Would it even make sense to charge for decks when they could easily be pirated? If AnkiHub goes so far as to try to make export difficult, I feel this would only create more potential piracy.
I hope AnkiHub knows that and doesn’t see this as a business venture.
Overall, I will now be wary even mentioning the name Anki to others. The lesson here is that the spacing effect is key, not any program. And that the best algorithms for it are community-made (see FSRS vs. SM).
Thank you for making this it really clarifies a lot of my concerns.
Oh my goodness I’d rather keep Anki frozen than delegate the ownership to anybody.
“
No enshittification.”: Wouldn’t putting a “Third Party Services” tab on Anki be the beginning of an enshittification?
Thank you @dae for all these years. I have been using Anki for about 15 years now, and it has enabled me to learn and remember so many useful things. ![]()
@AnkiHub @AnKingMed The only question you really need to answer is:
Will you guarantee that using Anki like it is now (with desktop, sync, one-time fee for app) will remain free forever?

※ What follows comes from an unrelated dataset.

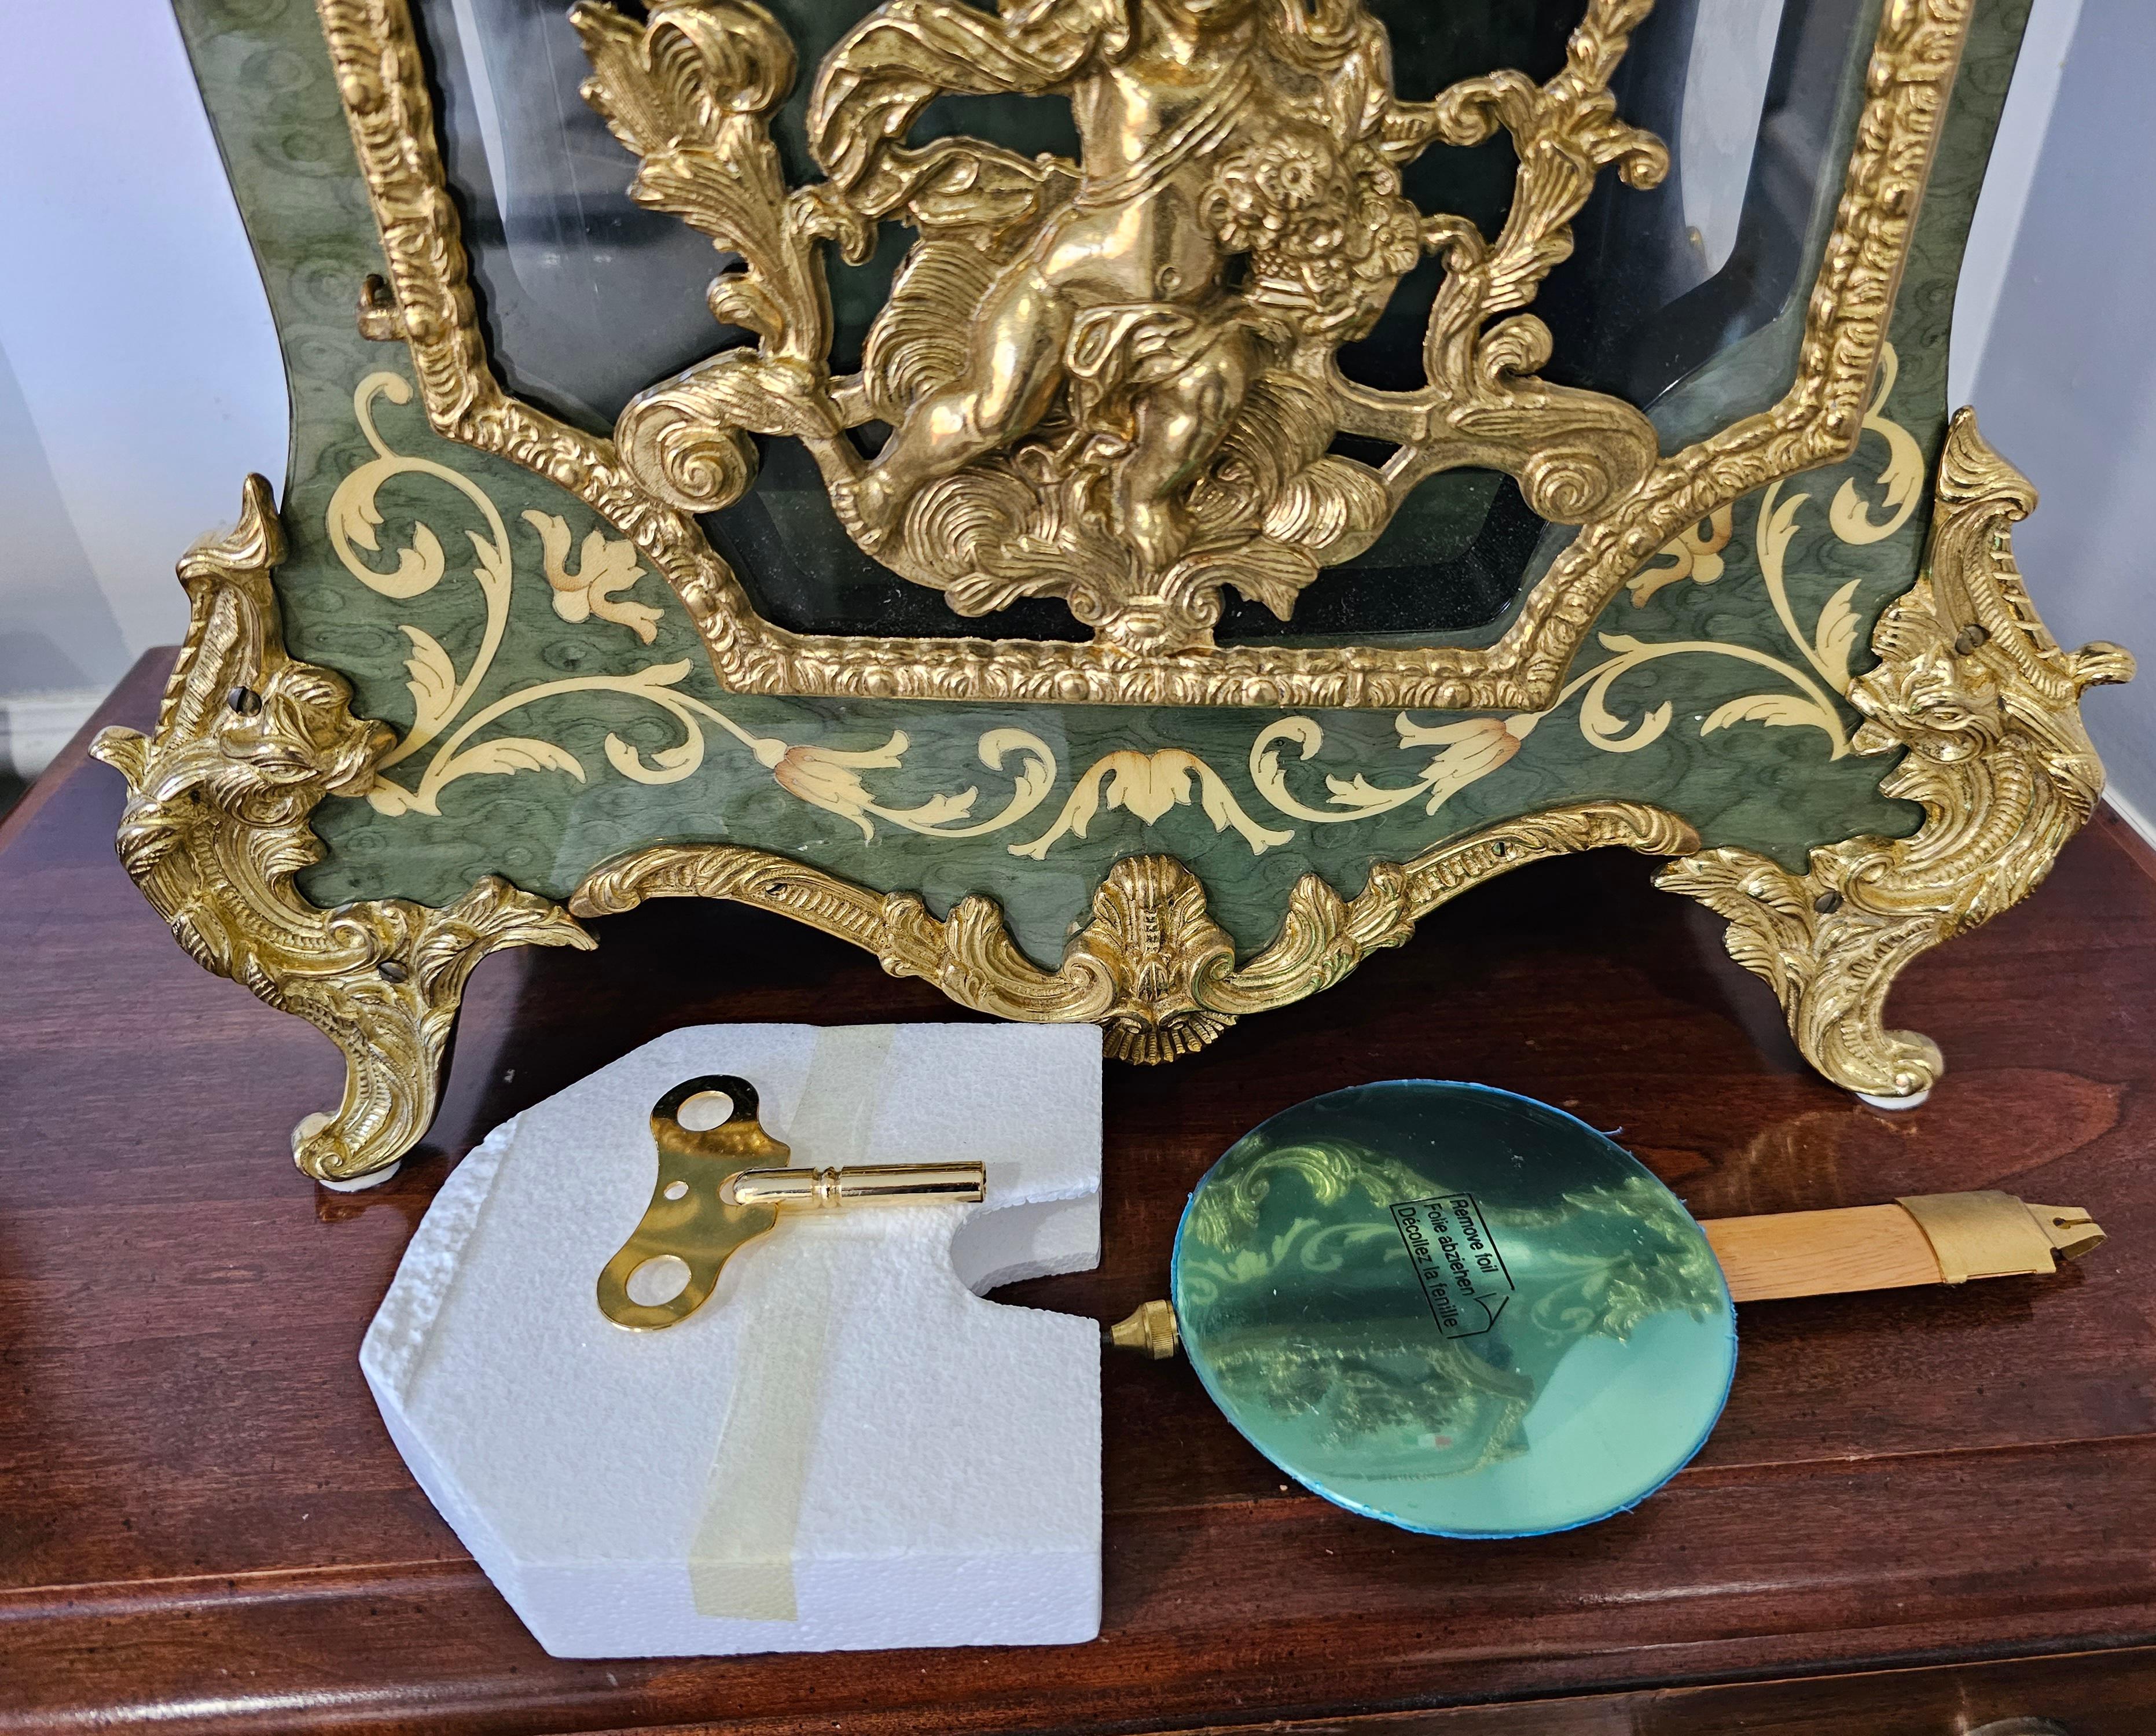 New Franz Hermle Mantel Clock in DeArt Italian Fine Marquetry and Ormolu Case For Sale 1

If not, I (and, I am sure, the community) would like to know as early as possible so we can transfer to our own solutions. Writing custom software is pretty cheap and easy these days, and someone will build a free alternative (app and community) if you mess this up. Good luck!
All I can ask is for @AnkiHub to please be respectful to your preexisting base. Consider changes carefully, because the audience you are inheriting is used to software that is feature complete and expects the UI and workflow to work a certain rigid way and meet a certain level of compactness. Anki is currently the only major software on my computer that I can be confident respects my screen real estate and time and won’t change my workflow or break extensions between updates. This comes with design sensibilities that might seem archaic to modern UX people and you might feel tempted to change it. Please be careful with it.
If this were true, thousands of similar programs would have been created long ago.
Artificial intelligence can generate code, but checking and testing it takes a ton of time, not to mention technical resources, which cost money. Anki operated on the assumption that if we offer free software, you’ll spend your time (and time is your money) sharing your work with the community. But such people are few, probably 1% of the total, and their number is decreasing every year.
You are asking the community to have faith in AnkiHub’s true intentions.
If you actually want support from the community, you shouldn’t be asking to be trusted. What you should be doing is commiting, so people don’t have to trust you.
Most people contributed to the project not because they knew and trusted Damien. They did because there’s a license, which guarantees that their work will be kept free.
The corporate message sent by Anking doesn’t commit to anything. It’s a bunch of promises that can be voided at any time.
If you really want Anki’s values to endure, the power should be handed over to a foundation with strict rules and legal binding, not a company.
Foundations seek principles. Companies seek profit. That’s their nature.
If AnkiHub’s best interest and main priority is Anki’s principles, they shouldn’t be opposed to this. If they are, it’s because their priority really is profit.
If you think that a company taking over is the only sustainable approach, just say it. Align what people can expect with the reality.